The Out of Africa Hypothesis suggests that there were a number of small scale migrations out of Africa, across the Middle East and Asia and up into Europe by our ancestors from 70,000 years ago, give or take. They spread out by about 10 miles per generation along coasts and up rivers. Even when it was possible to go anywhere at all, people didn’t really stray very far from familiar territory, until they had to cross oceans to reach Australia.

(I really would like to know who thought that was a good idea, and even why they thought they should stay there given everything in Australia can bite, scratch, kick, poison or just swallow you whole. It wouldn’t surprise me if there were some fucking vampire butterfly down there waiting to be dredged out of my nightmares and into reality in suburban Perth.)
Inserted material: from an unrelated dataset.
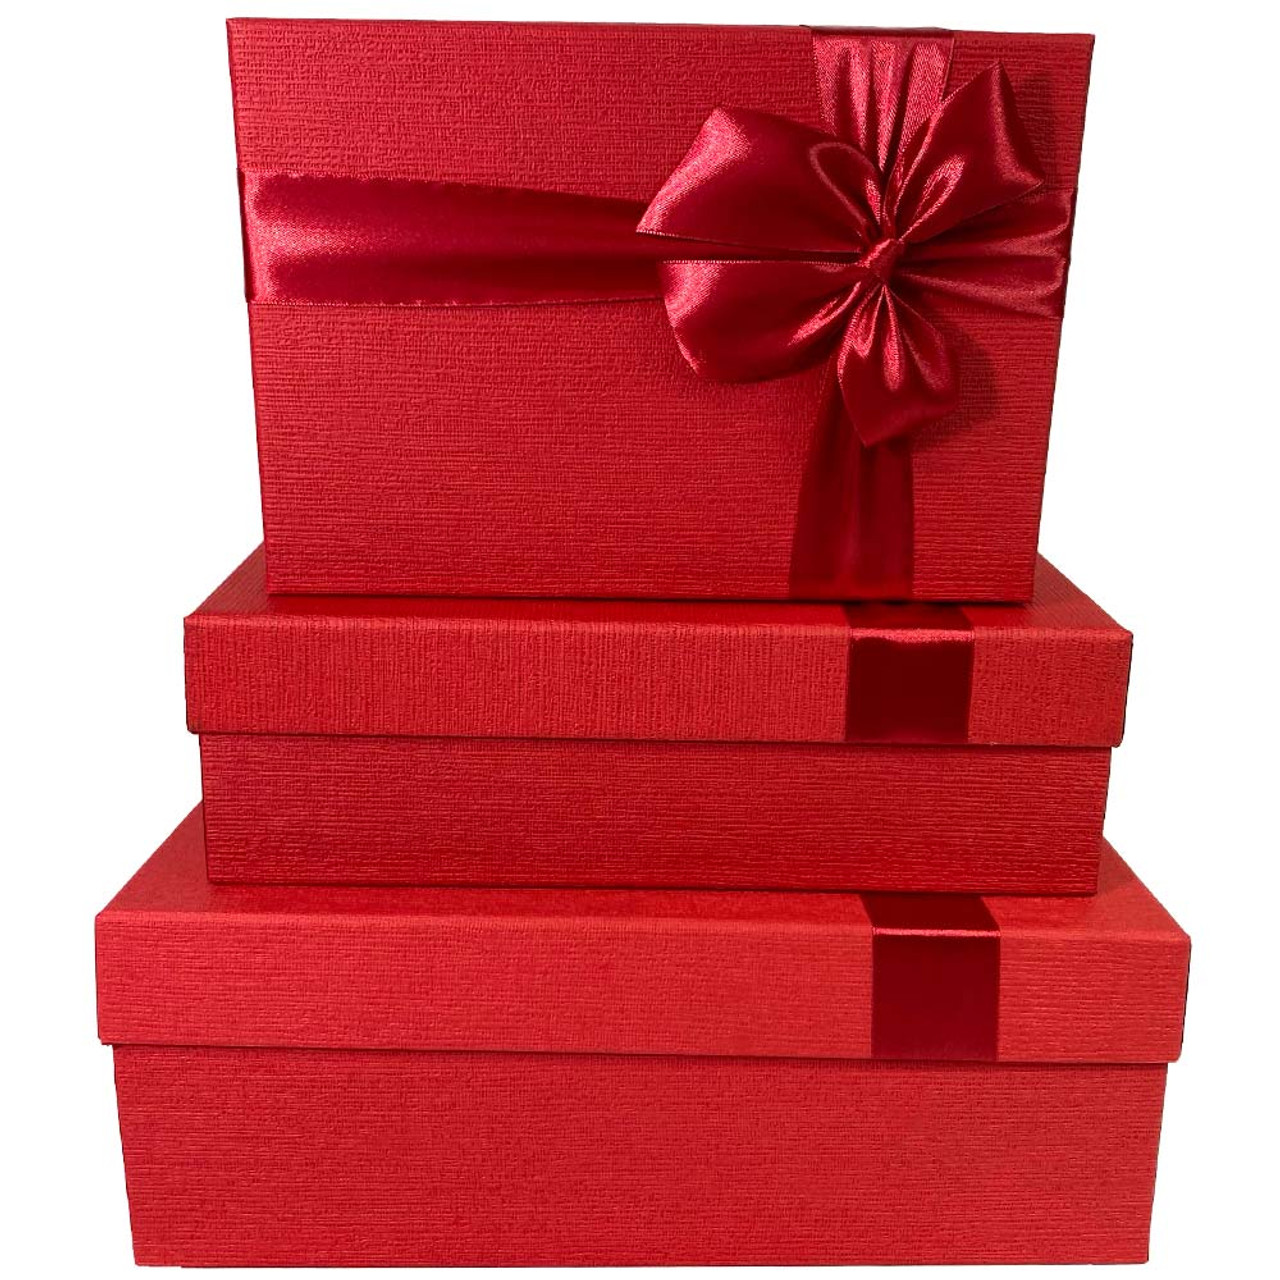 12 White & Red Floral Heart Gift Box with Ribbon - Set of 3 - LO

Anyway, nobody wanted to stray far is my point even if there weren’t many people elsewhere preventing them. I’m assuming that people were able to walk and carry what they needed with them even if they had no pack animals for the first 60,000 to 65,000 years. I am not at all certain that anyone would want to claim ancestry back that far but there have been studies in the UK which have shown descendants of people buried in medieval graveyards in an English village still living locally. You might remember Julian Richards’ BBC series Meet the Ancestors which covered this. I remember the series mostly for the anthropologist who did the facial reconstructions who kept coming back every time anyone on telly wanted a facial reconstruction and they methods she used changing from modelling clay to computer graphics.

Adam Rutherford in his book A Brief History of Everyone Who has Ever Lived said that we’re all related to one another anyway, at least everyone in Europe. I think that’s what he said anyway. It’s a while since I read it and I can’t find my copy to revise so I might have to issue a correction once I’ve had a chance to read the relevant chapters again. Since we all have two parents, four grandparents, eight great-grandparents, sixteen great-grandparents and so on, the number of ancestors doubling with every generation, it takes surprisingly little time before we find that any two people in the country have the same random ancestor. It’s not quite Six Degrees of Separation, or your Bacon Number or your ErdÅ‘s number but somewhere in the past 600 years it’s very likely that the same person will crop up in the family trees of both me and my wife and we come from very different parts of the country.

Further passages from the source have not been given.